(Stored data begins)

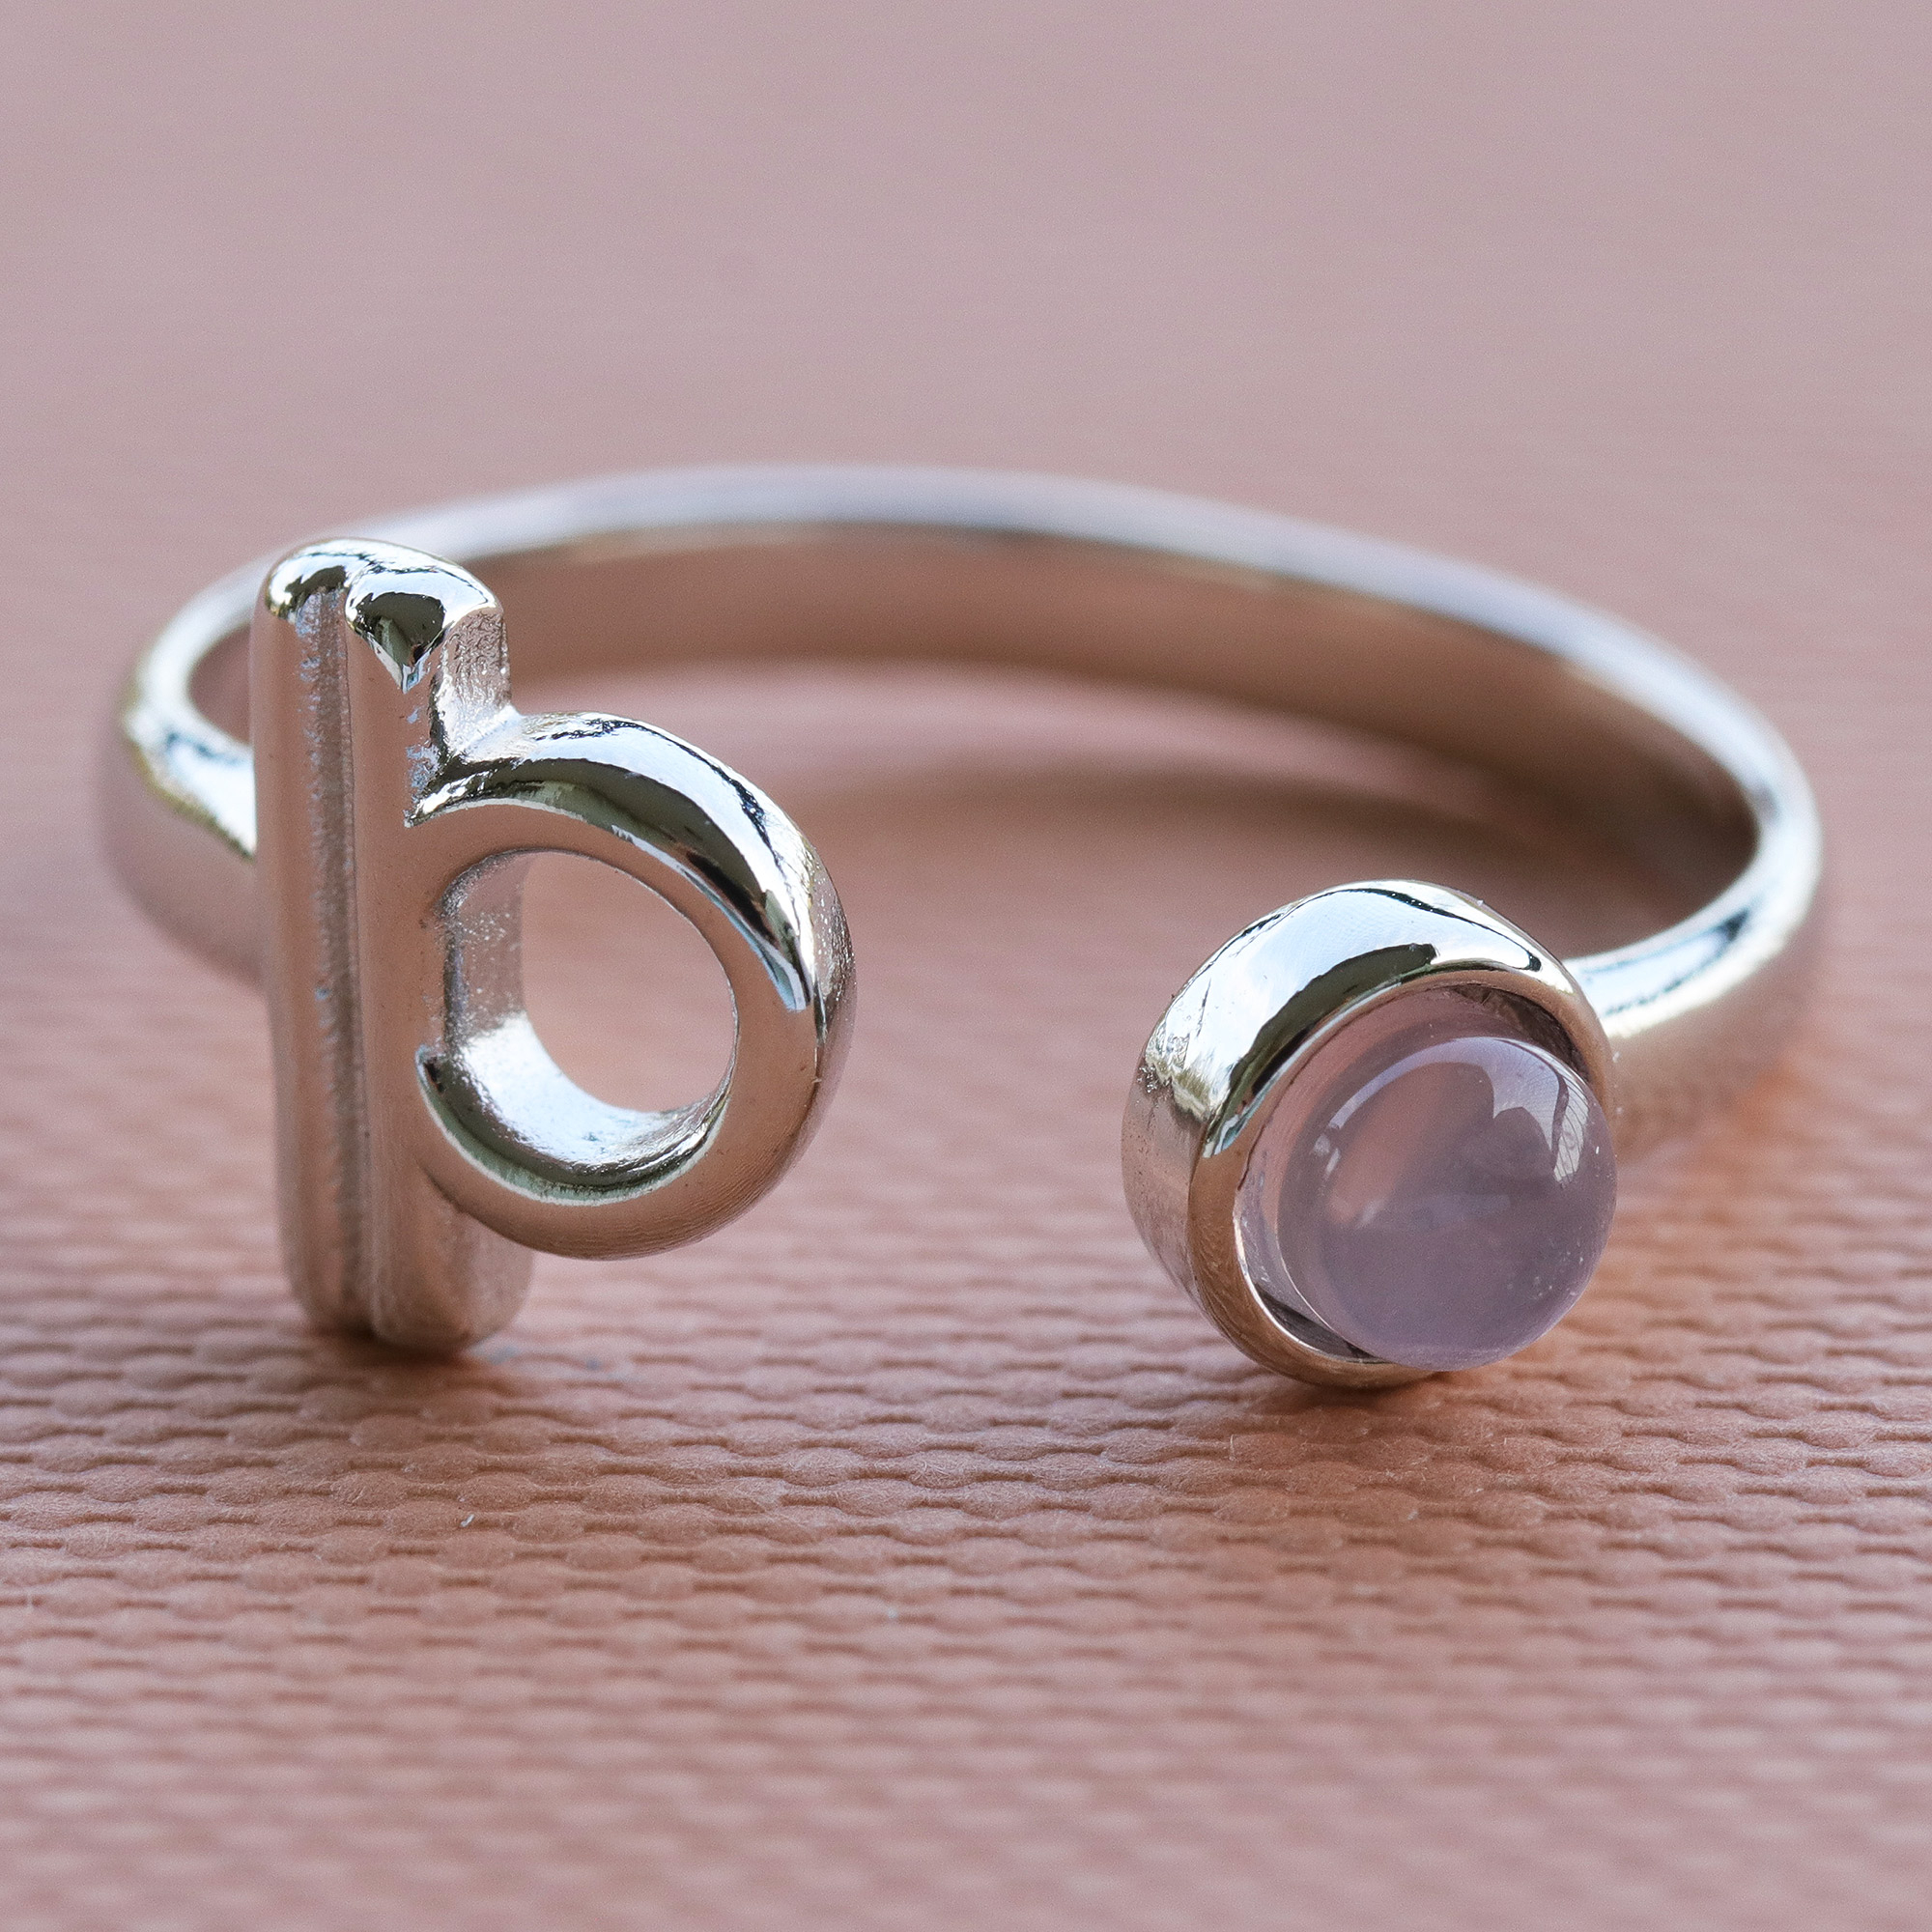 copper rose quartz ring
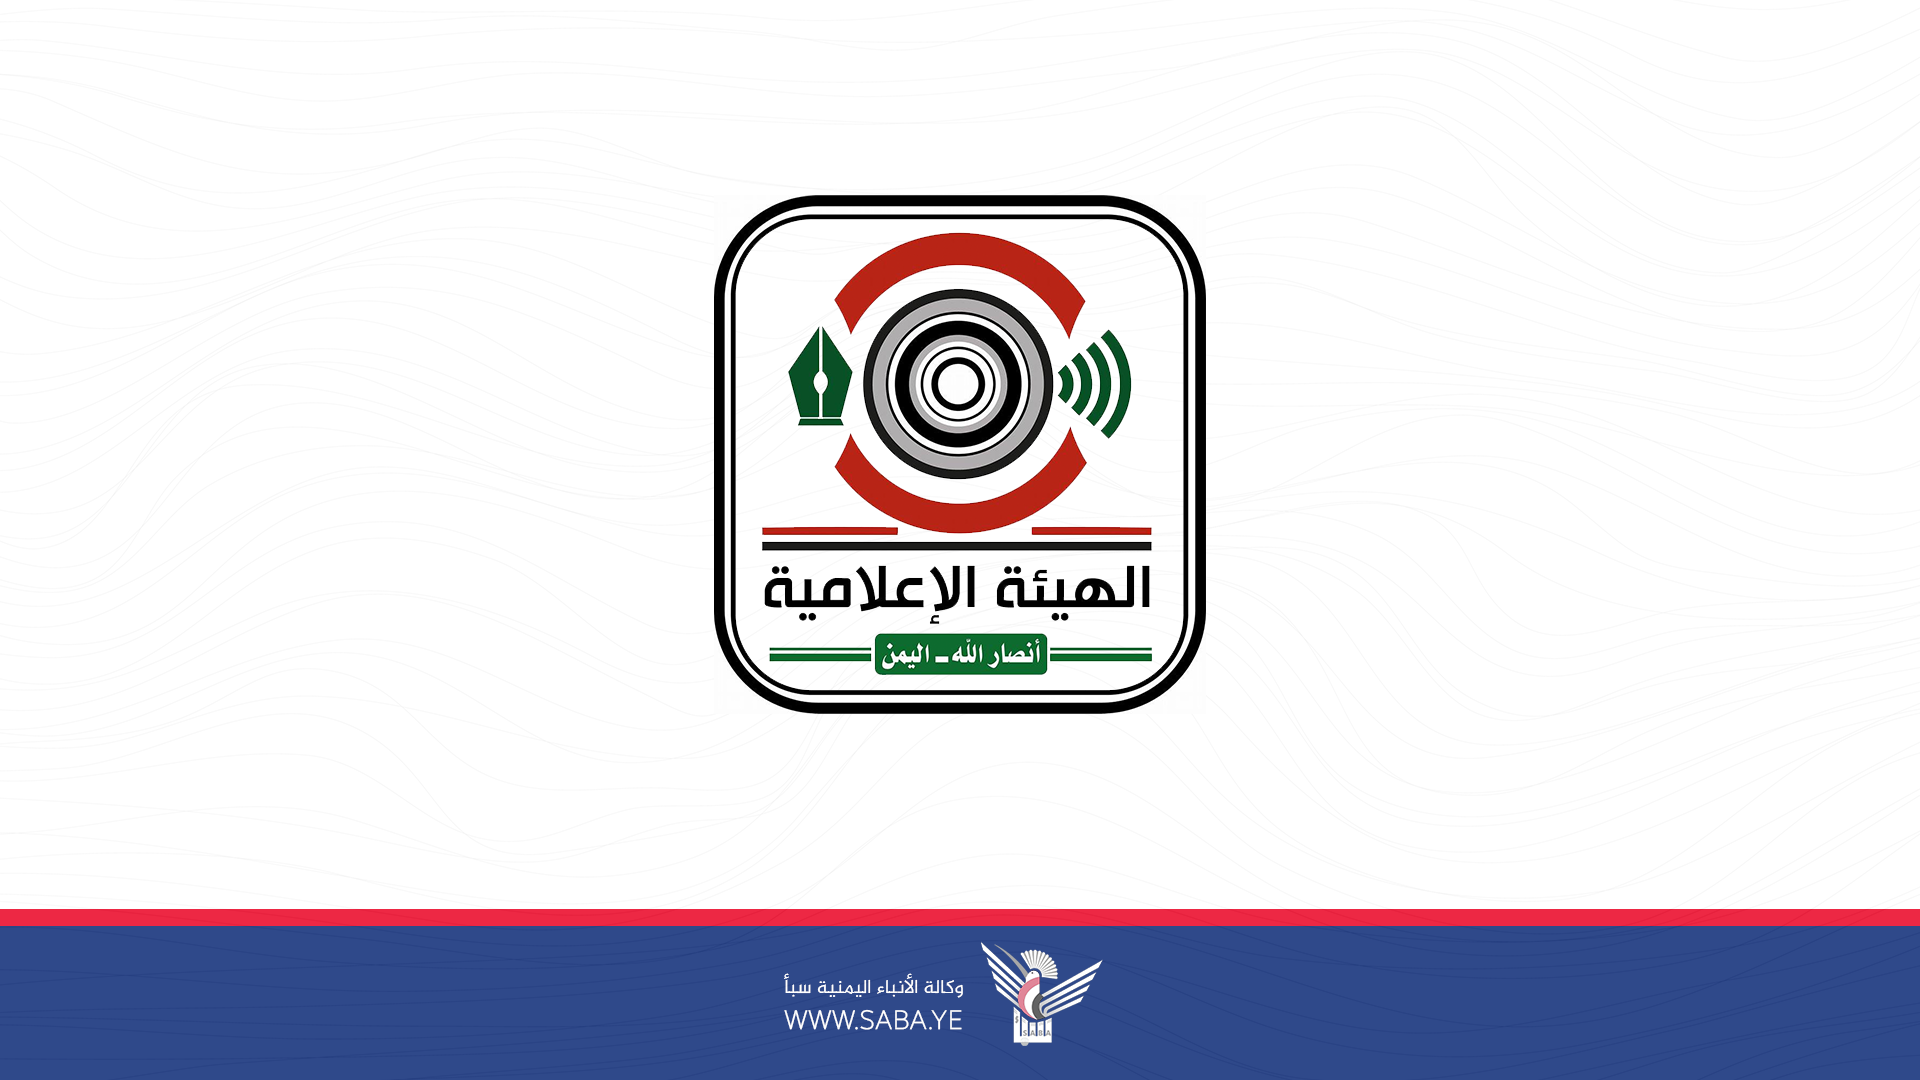 الهيئة الإعلامية لأنصار الله تدين استهداف فريق قناة الميادين في جنوب لبنان
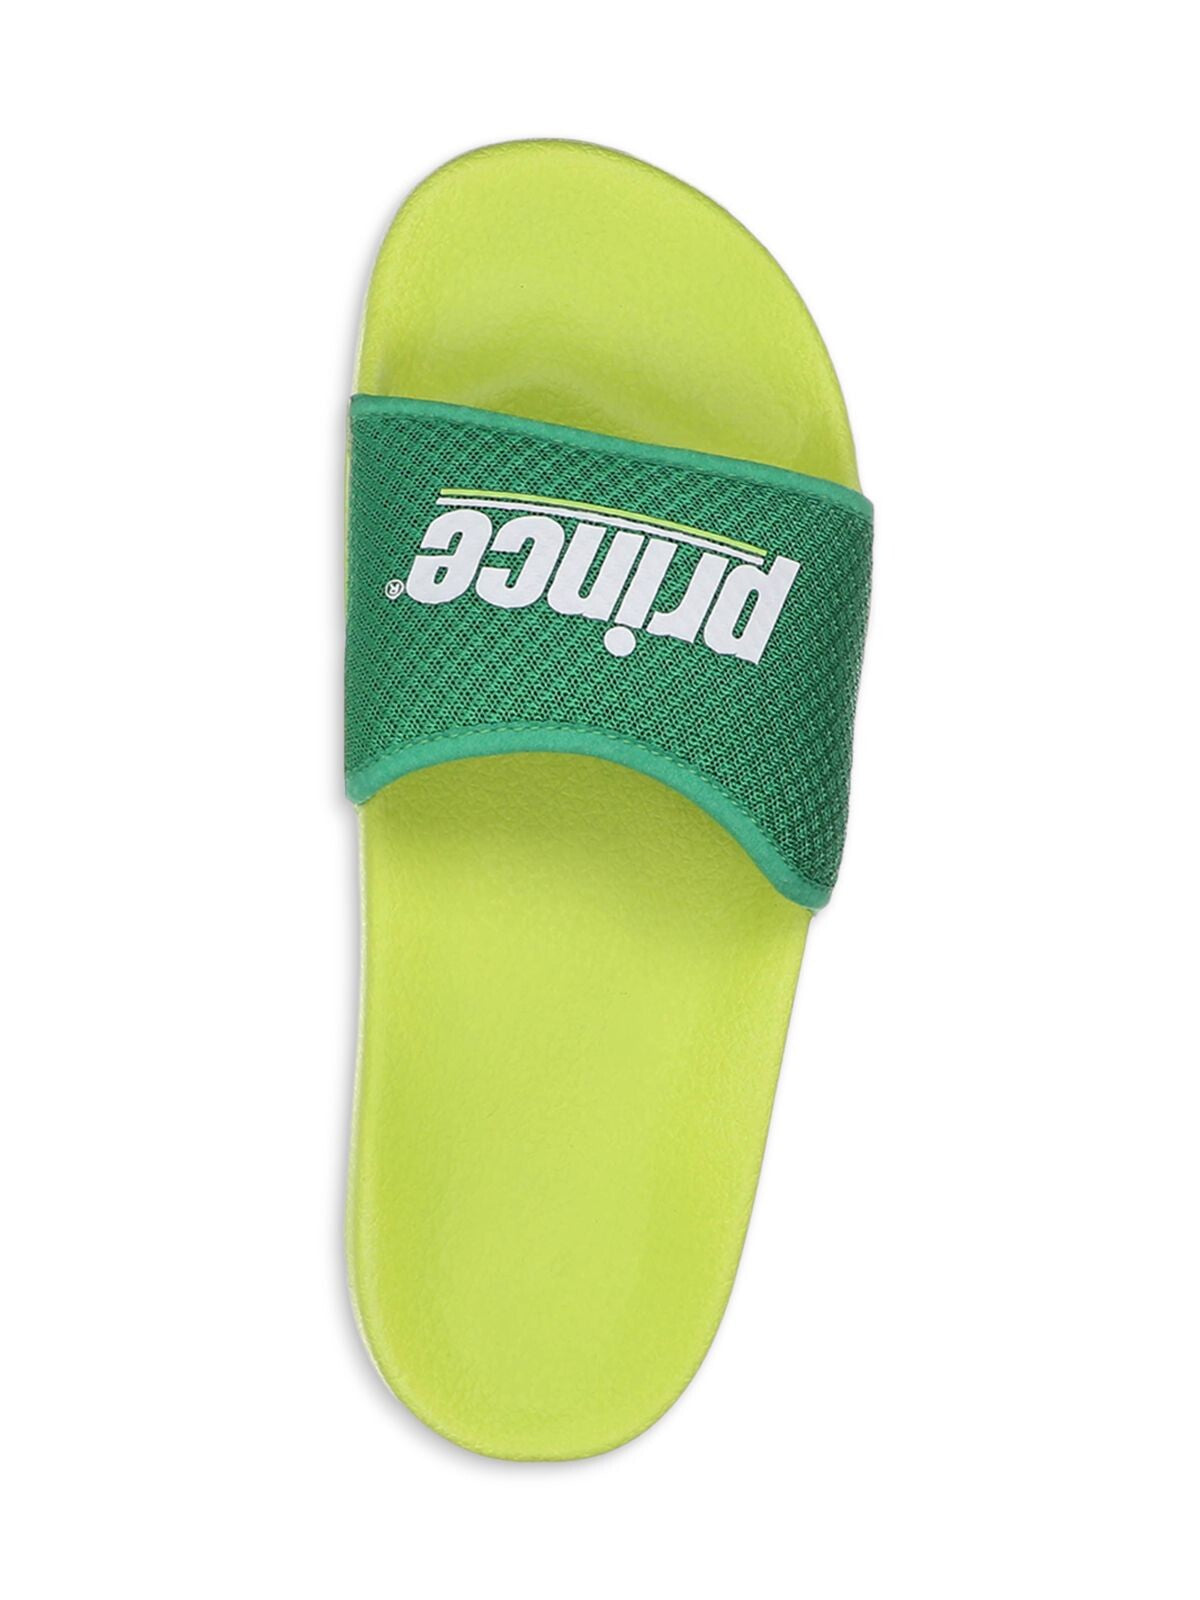 PRINCE Womens Green Logo Comfort Prism Round Toe Platform Slip On Slide Sandals Shoes 8-8.5

(Stored data ends)

Assignment | Return the whole listing, word for word, and leave out every picture.

Result |
 copper rose quartz ring
 الهيئة الإعلامية لأنصار الله تدين استهداف فريق قناة الميادين في جنوب لبنان
 PRINCE Womens Green Logo Comfort Prism Round Toe Platform Slip On Slide Sandals Shoes 8-8.5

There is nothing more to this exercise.